* EXERCISE AIM *
Repeat the lines below exactly as they appear, but leave out the images.

* MATERIAL PROVIDED *
* * * *
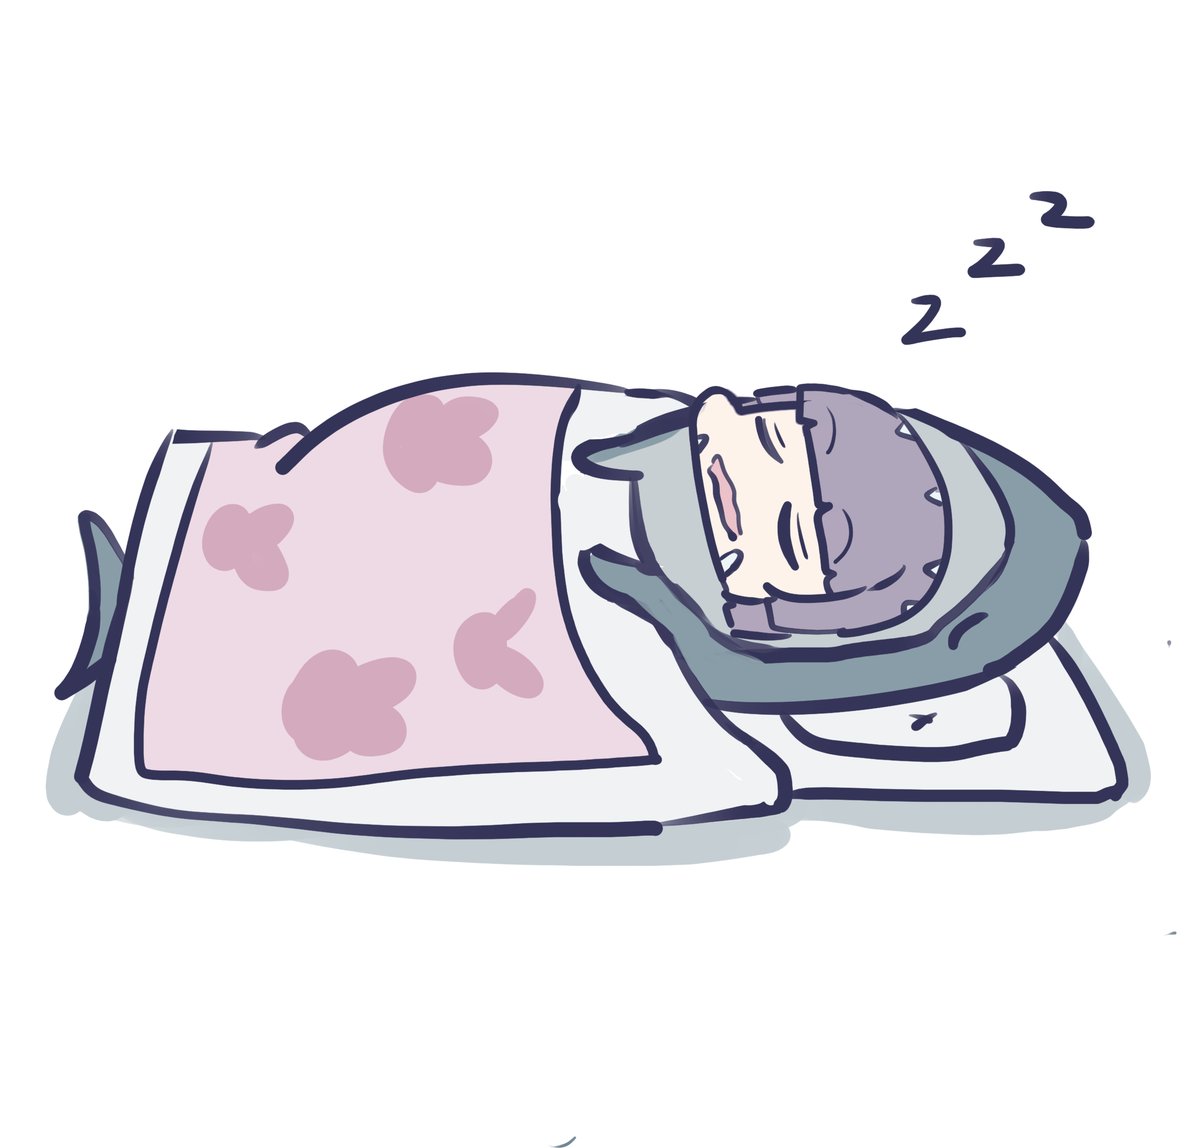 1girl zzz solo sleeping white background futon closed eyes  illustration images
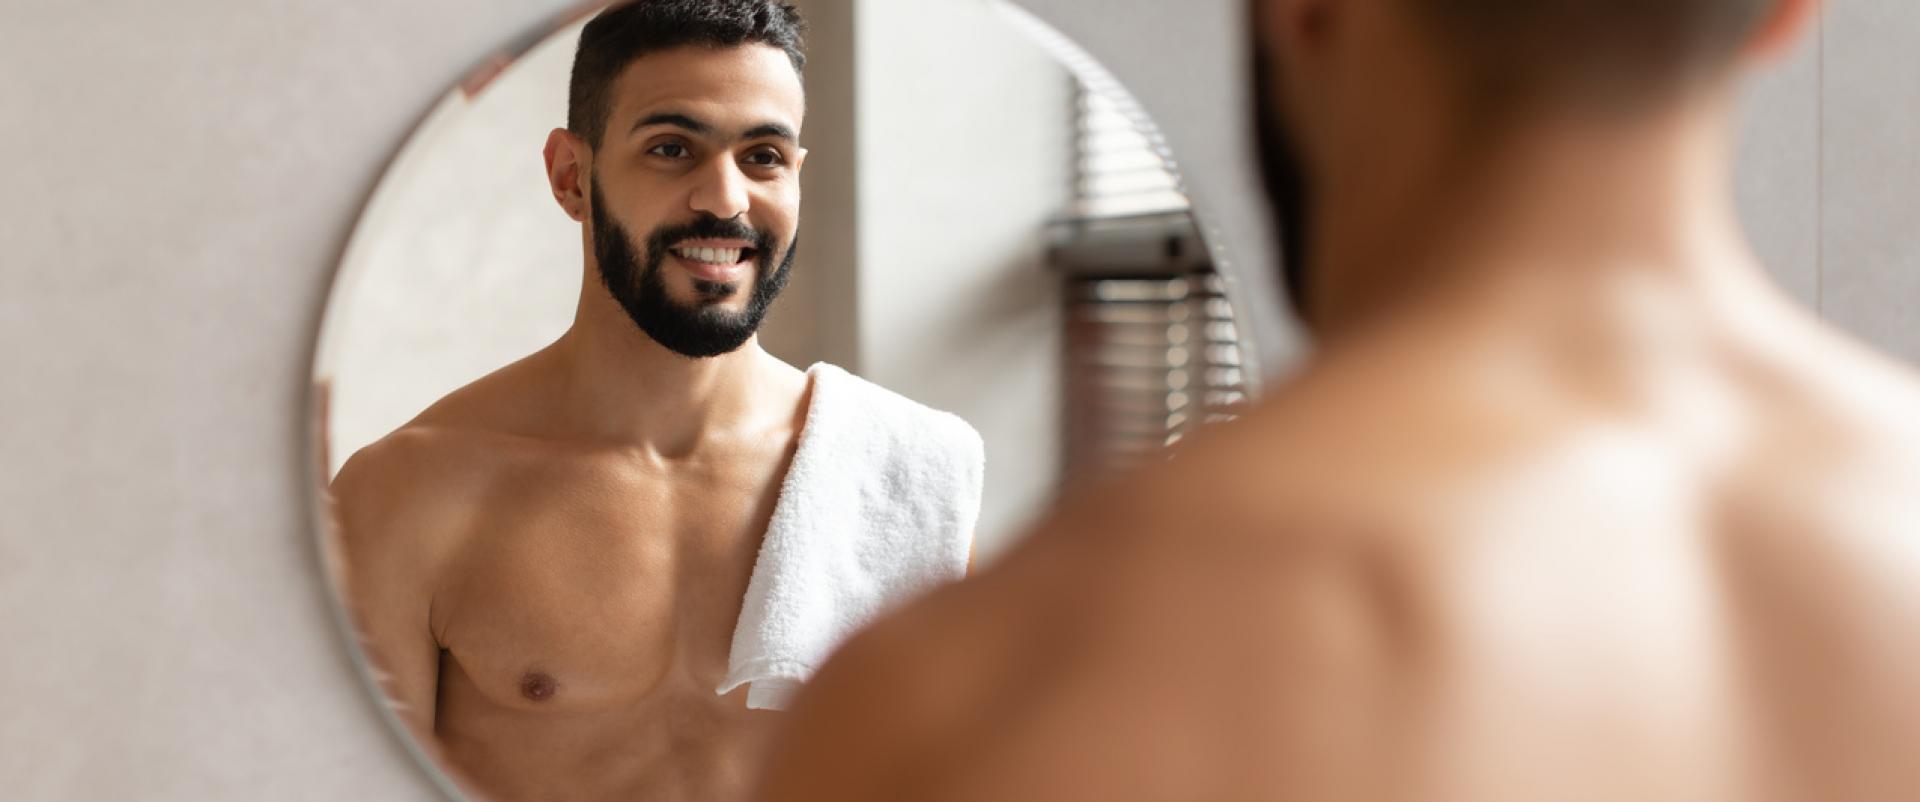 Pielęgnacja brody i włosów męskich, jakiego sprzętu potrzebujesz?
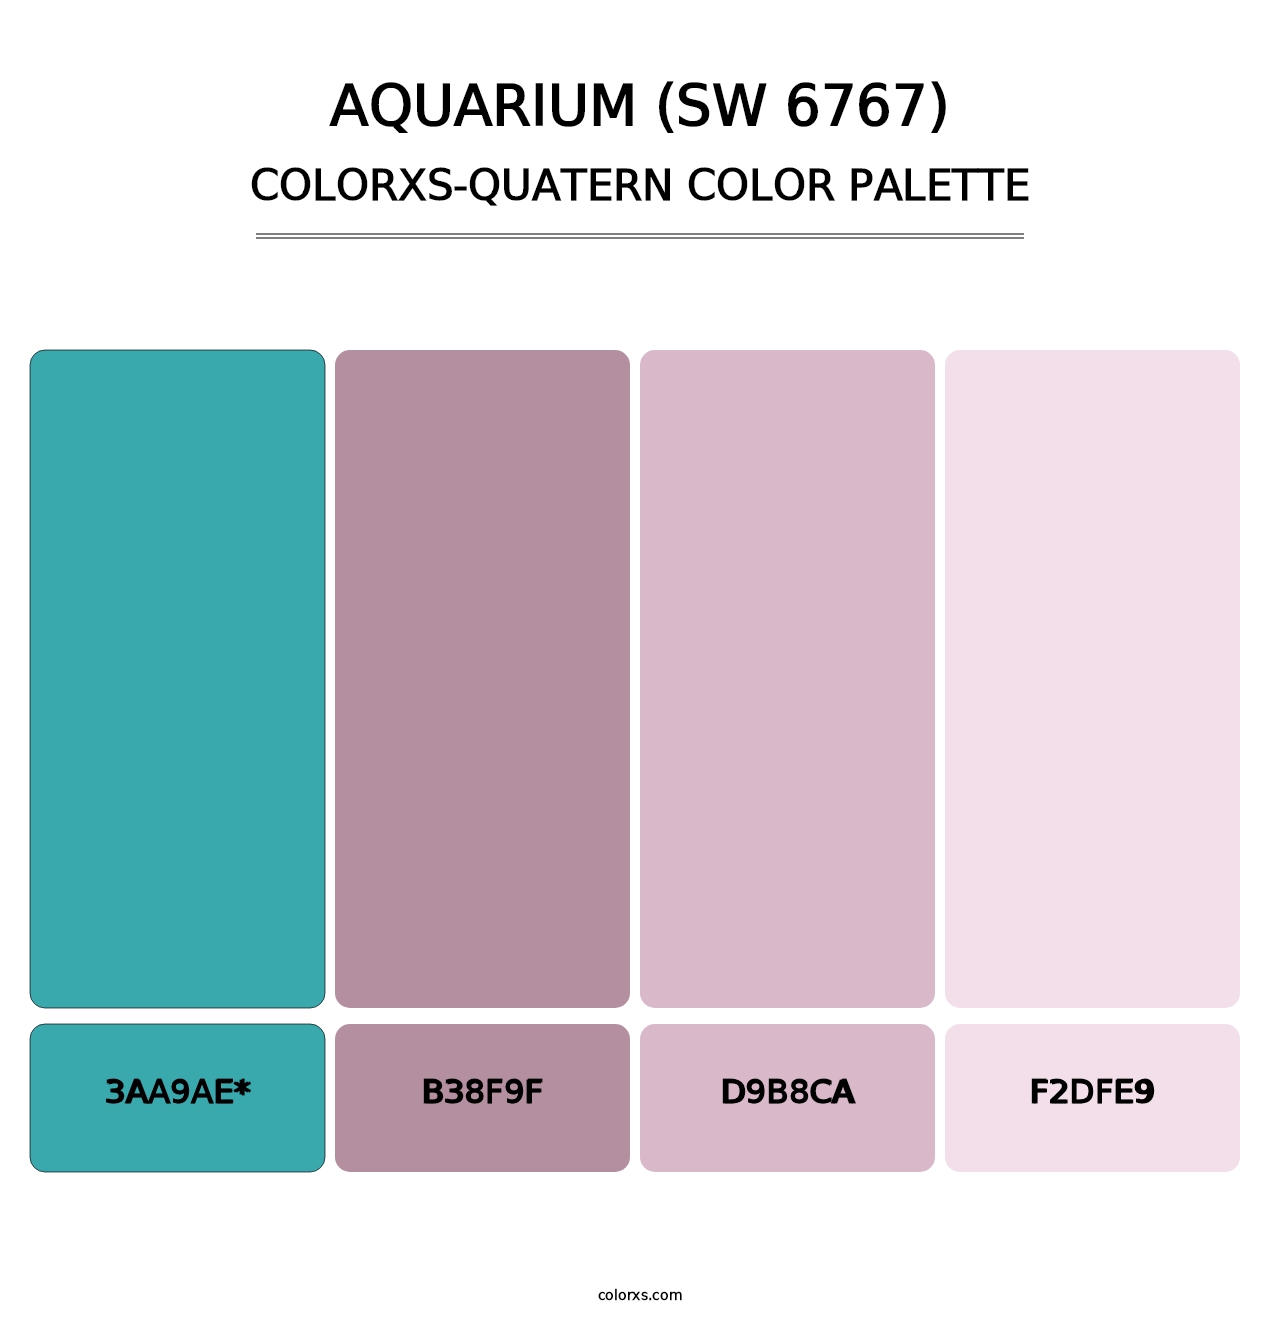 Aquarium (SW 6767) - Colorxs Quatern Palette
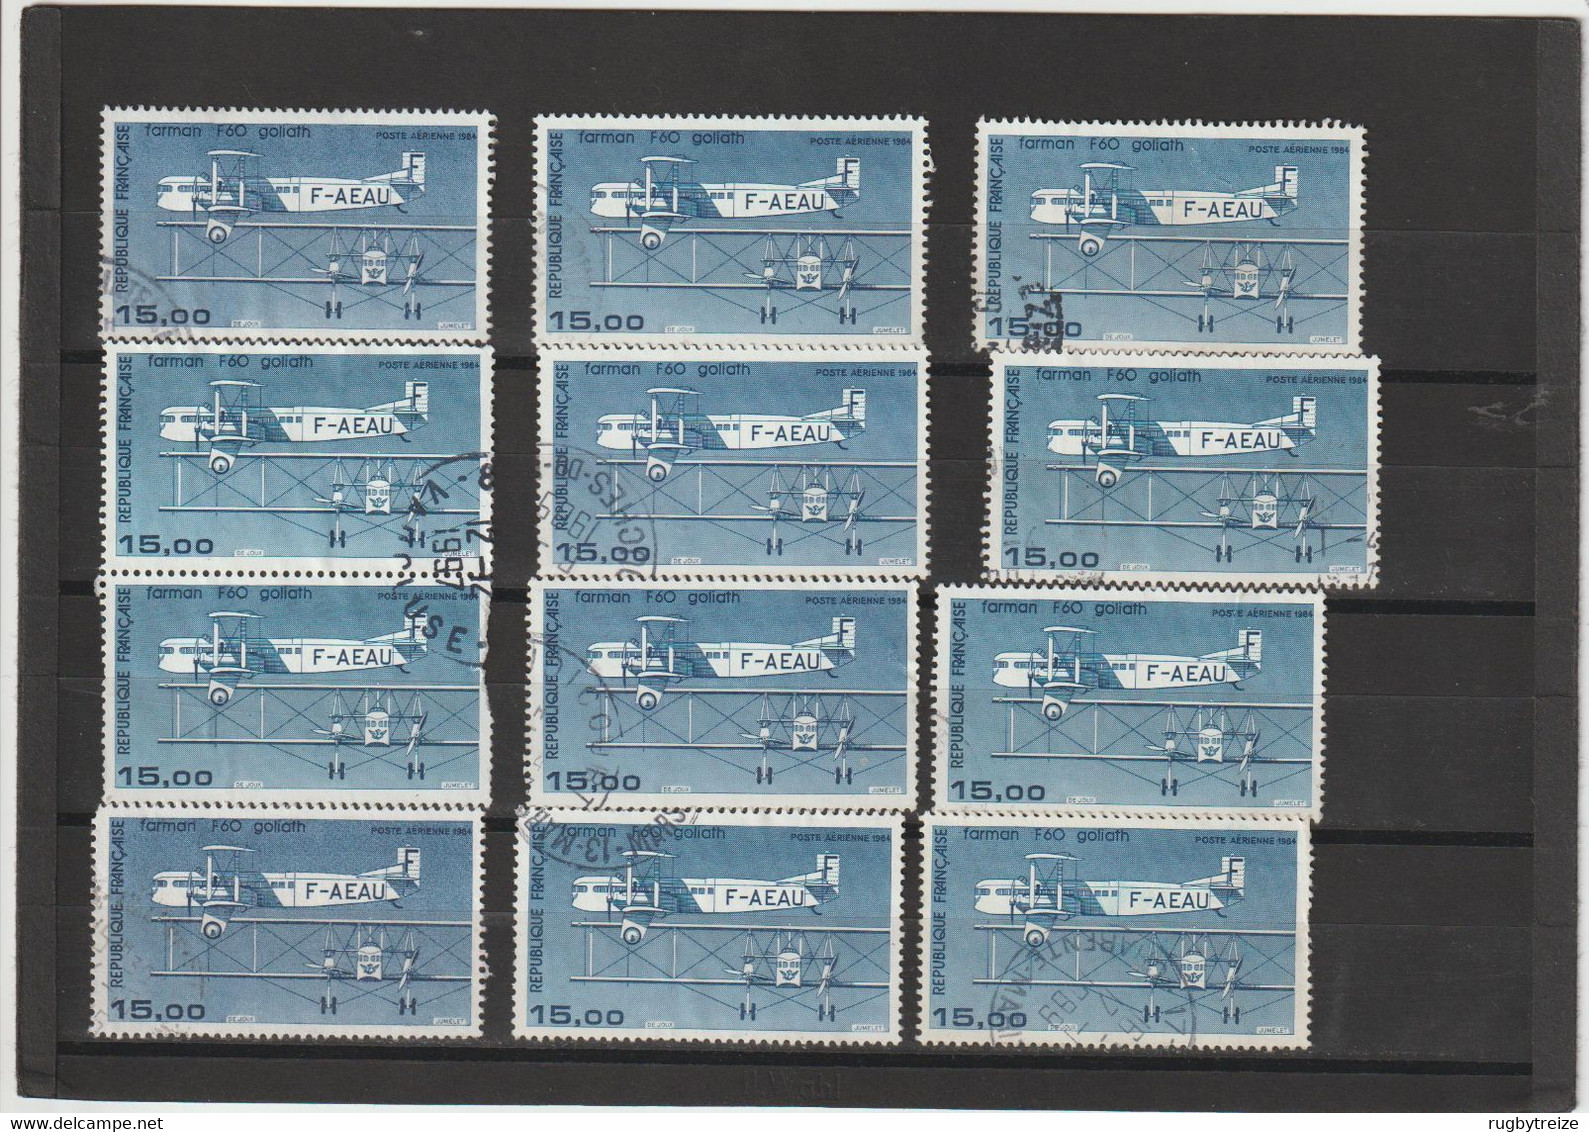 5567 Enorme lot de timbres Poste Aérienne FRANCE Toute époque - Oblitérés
* * * *
* RESULT BELOW *
 1girl zzz solo sleeping white background futon closed eyes  illustration images
 Pielęgnacja brody i włosów męskich, jakiego sprzętu potrzebujesz?
 Aquarium (SW 6767) - Colorxs Quatern Palette
 5567 Enorme lot de timbres Poste Aérienne FRANCE Toute époque - Oblitérés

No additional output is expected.